To perform the search, we need a function (search documents) where we perform the cosine similarity between the query vector and all the abstract vectors. This function will give our the top-k indexes. Once we find the top-k indexes, with another function, we can collect the full text of the documents from the paper dictionary.

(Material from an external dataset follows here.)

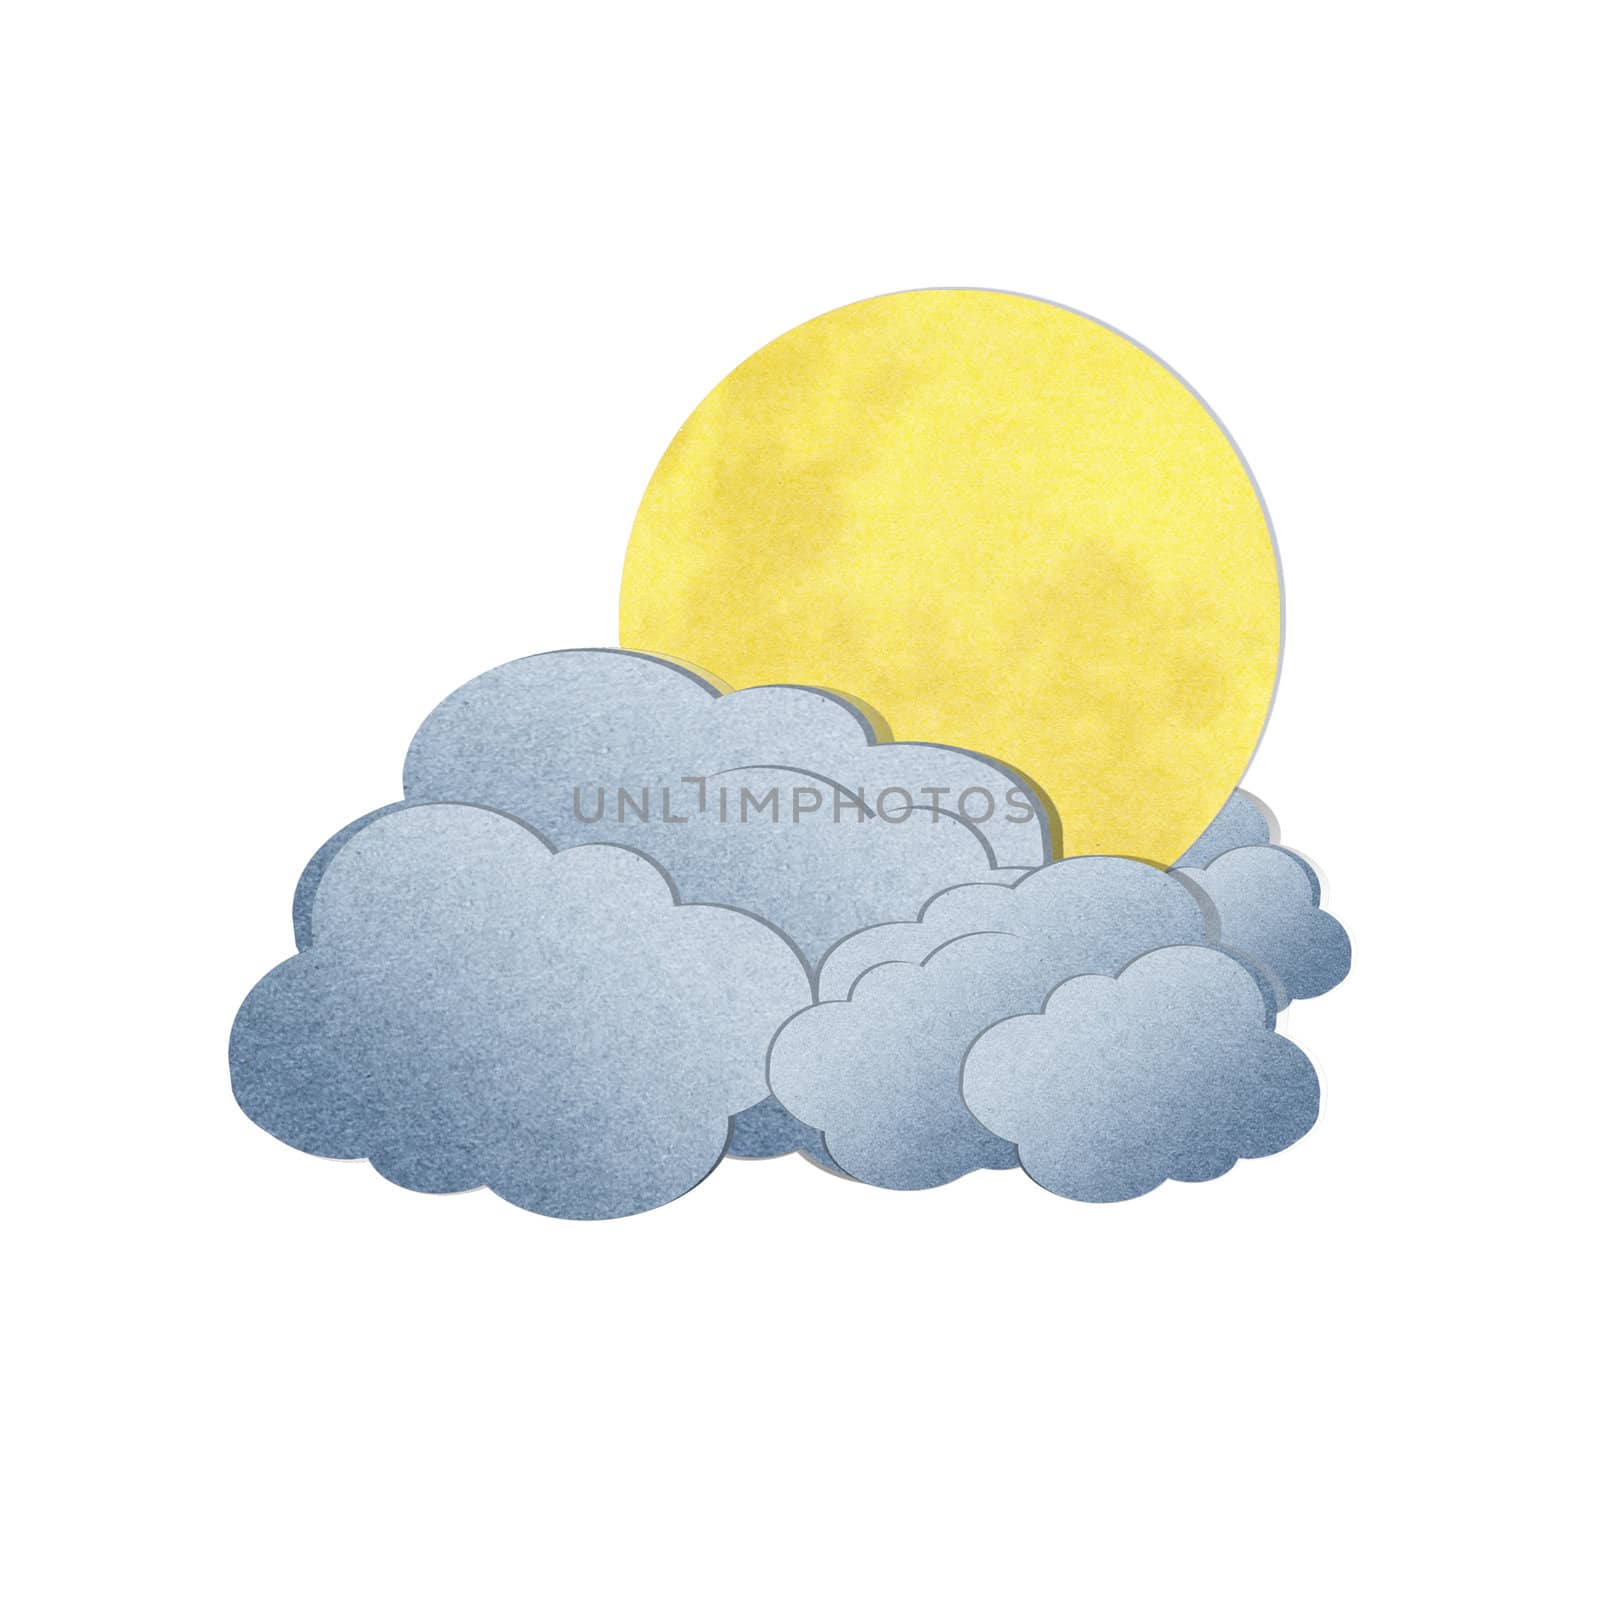  Grunge recycled paper moon and cloud on white background

To compute cosine similarity, refer to the following formula

```cs = cosine_similarity(vector_a.detach().numpy(), vector_b.detach().numpy())```



In [None]:




def get_top_k_similar_indices(query_vector, abstract_vectors, k):

    #Computes the top k indices of the most similar abstracts to the query based on cosine similarity.

    #Parameters:
    #- query_vector: A tensor of shape (1, hidden_size) representing the query vector.
    #- abstract_vectors: A tensor of shape (batch_size, hidden_size) representing the abstract vectors.
    #- k: The number of top indices to return.

    #Returns:
    #- sorted_indices: A numpy array of shape (1, k) containing the indices of the top k most similar abstracts.

    return ""


def retrieve_documents(indices, documents_dict):

    #Retrieves the documents corresponding to the given indices and concatenates them into a single string.

    #Parameters:
    #- indices: A numpy array or list of top-k indices of the most similar documents.
    #- documents_dict: A dictionary where keys are document indices (integers) and values are the document texts (strings).

    #Returns:
    #- concatenated_documents: A string containing the concatenated texts of the retrieved documents.

    return ""



#now I create a vector also for my query

query = ""

query_vector = ""





### A function to perform Retrieval Augmented Generation

In this step, we’ll combine the context retrieved from our documents with LLAMA to generate responses. The context will provide the necessary information to the model to produce more accurate and relevant answers.

In [None]:


#now we put it all together

def generate_augmented_response(query, documents):

    system = ""             #TODO: define system prompt

    context = ""               #TODO: concatenate here all the search results


    prompt = ""                 #TODO: create the prompt for LLAMA (system + context + query)

    response = ""

    #perform a query with LLAMA in the usual way

    #return the response
    return ""


# TODO: generate the queries!
query = ""
response = generate_augmented_response(query)
print(response)

#TODO: now compare the results with a prompt without RAG. What are the results?